When do a citizen lawmaker’s efforts at exerting influence become a conflict of interest? The Indiana General Assembly can’t seem to figure it out, giving a pass to a legislative leader who used his position to benefit his family business. As House Speaker Pro Tem P. Eric Turner walks away from an ethics scandal unbruised and nearly $2 million richer, it’s time that voters demand the higher standards legislators have failed to approve.
House Speaker Brian Bosma said this week that Turner will not be sanctioned by the House after an ethics investigation determined he did not violate current rules.
The ethics committee completed its review, and the review was to take no action but to take a hard look at our disclosure statutes and statements, and that’s what we’re doing now, Bosma said Tuesday.
Turner, the speaker’s second-in-command, abstained from voting in public. But he lobbied in the GOP caucus to kill a proposed moratorium on new nursing home construction. His behind-closed-door dealings angered at least one colleague, who pointed out to the members of the media that Turner was an investor in his son’s nursing home development company. The moratorium, proposed by Republican Sen. Patricia Miller, threatened multiple projects planned by Mainstreet Property Group, a company owned by the lawmaker, his son and several others. The state offered $345,000 in tax credits for a Terre Haute project that Mainstreet documents show will earn Turner about $1.8 million.

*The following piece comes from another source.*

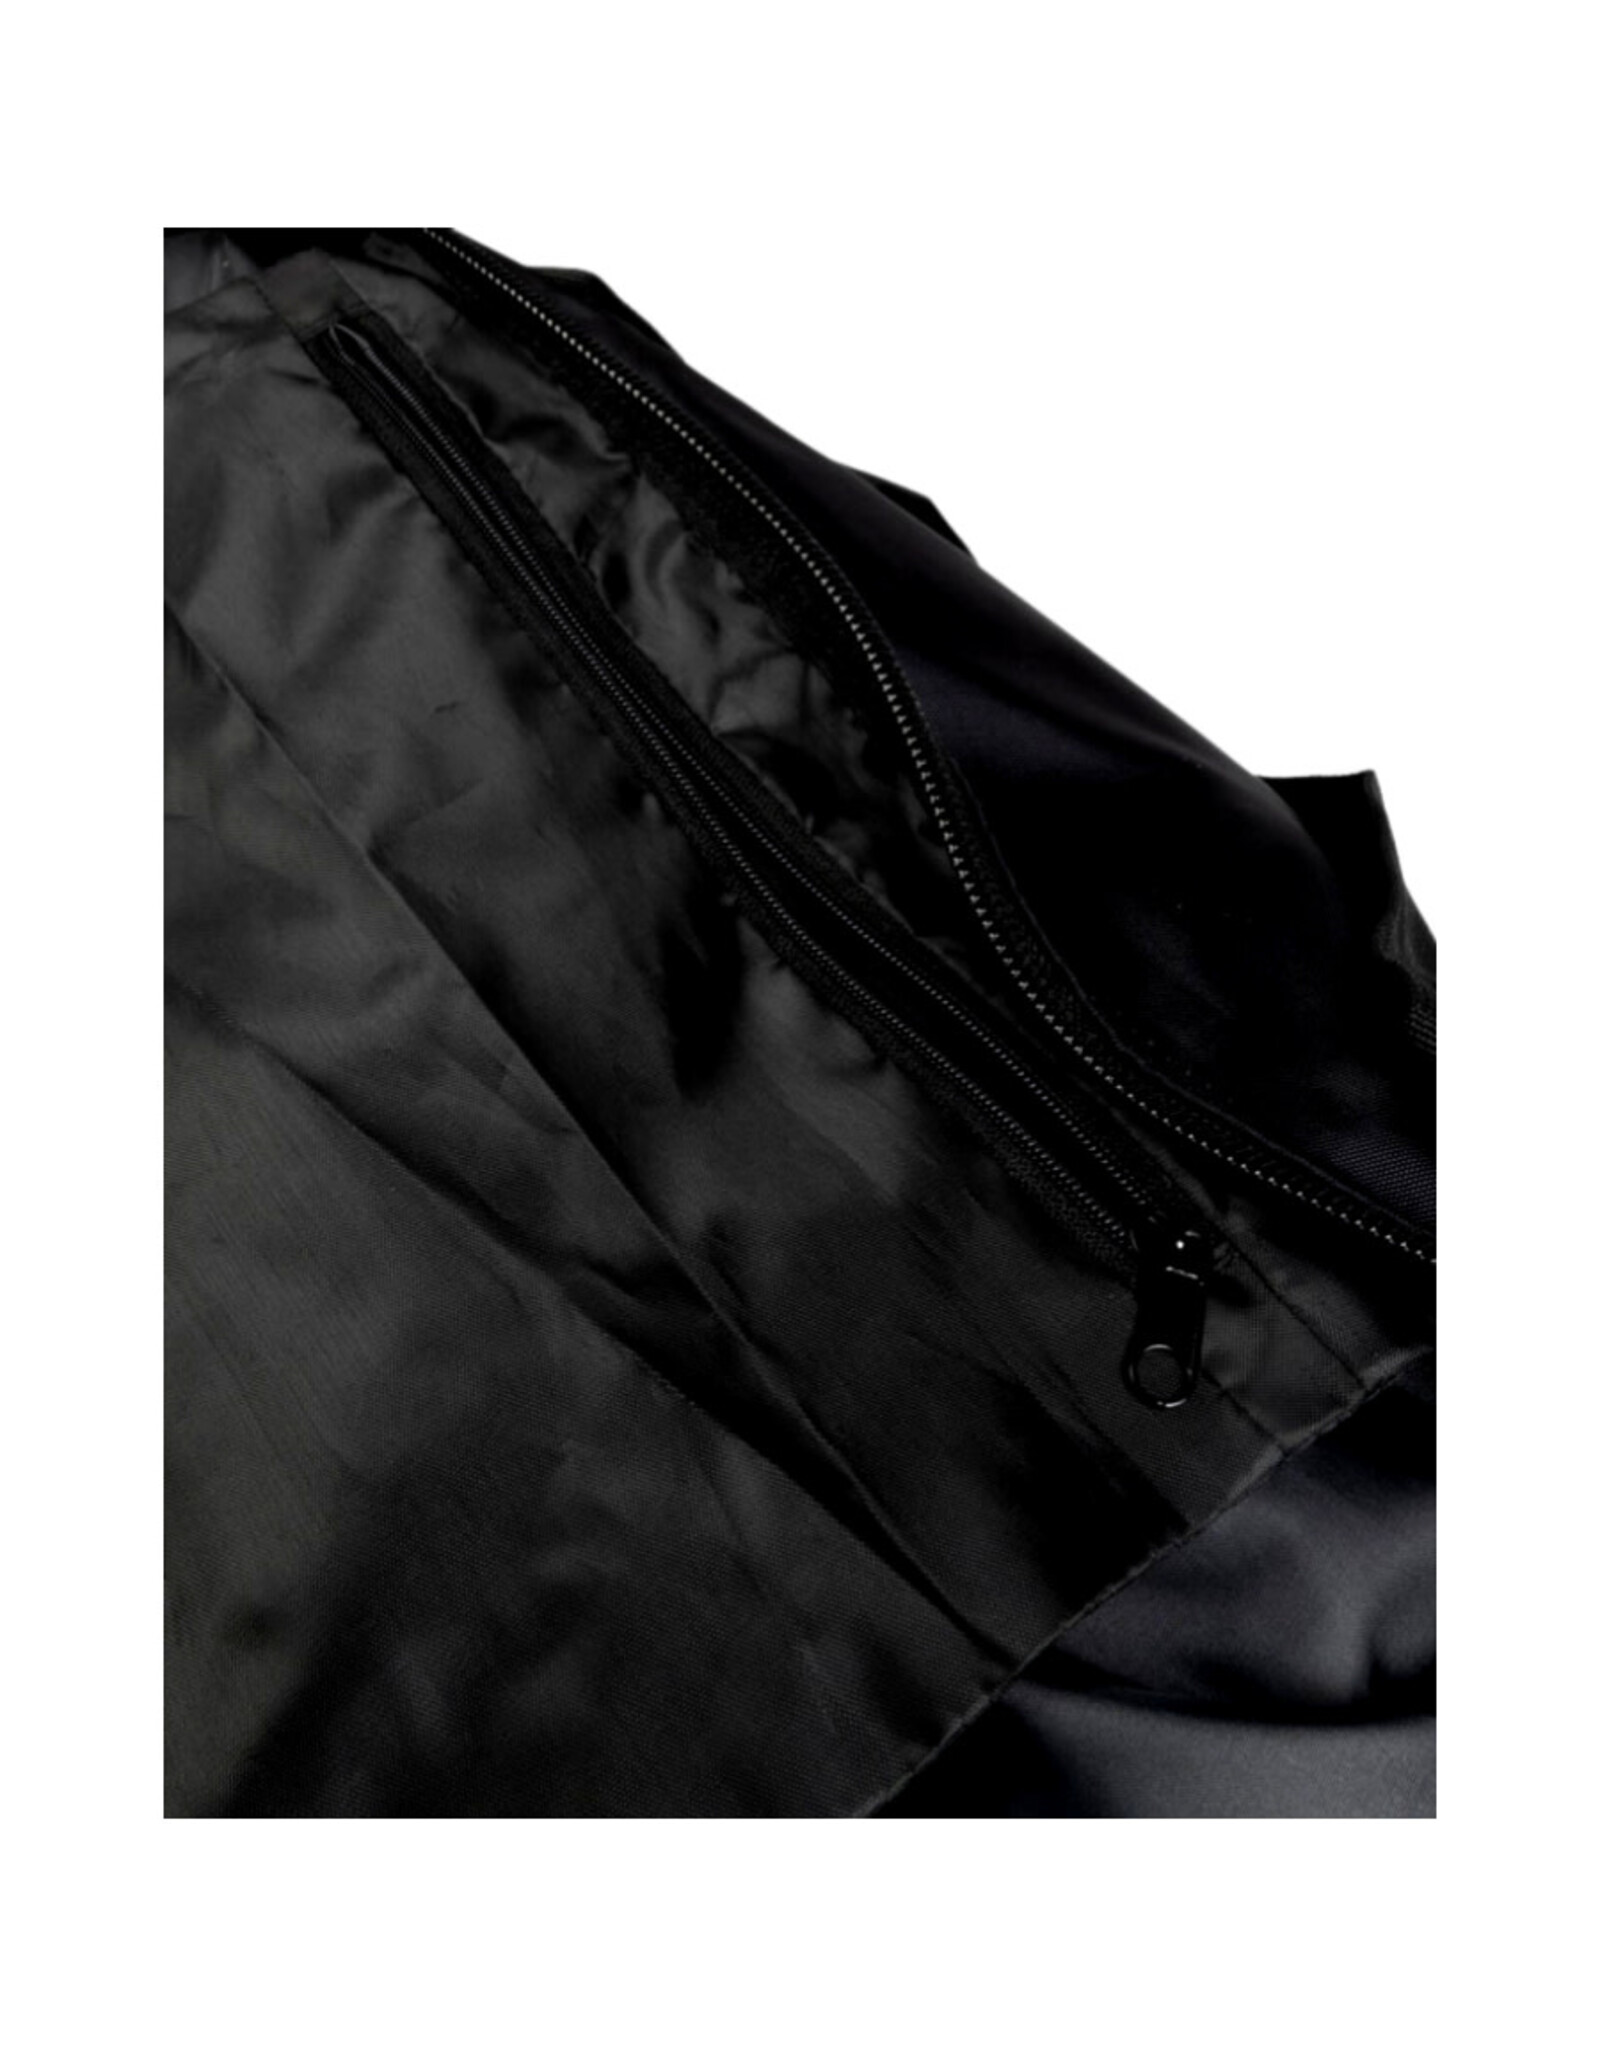 Thrasher Thrasher Bag Logo Duffel (Black)

If one House Republican showed character in disclosing Turner’s hypocrisy, it’s fair for voters to wonder why the others supported his bid to kill the nursing home moratorium.
How did the Cicero businessman convince them that their Senate colleagues were wrong about the legislation? Were the others uncomfortable with Turner’s lobbying? Did he convince House members that his conflict did not compromise the integrity of the General Assembly?
We’ll never know. But we can remind all legislators that the low bar Turner was able to clear is in sharp contrast to legislative standards elsewhere. His actions would not have been allowed in Kentucky, where tough standards were recently revised to become even tougher.
Lawmakers in the Bluegrass State apparently recognized that a Statehouse scandal harmed the reputations of more than the 18 lobbyists and lawmakers convicted on corruption charges. The scandal led to the creation of an independent nine-member board that oversees lawmakers and lobbyists.
With many veteran lawmakers choosing retirement, the young and inexperienced group of Indiana legislators needs to hear the lessons of Martin K. Chip Edwards, Phillip E. Gutman and Michael K. Phillips. Once respected leaders, each was involved in a scandal that ended his political career and harmed the reputation of the entire legislature.
As the General Assembly begins to consider tightening its rules, it needs to hear from voters. A part-time legislature served by citizen-lawmakers shouldn’t serve as a cover for glaring conflicts of interest.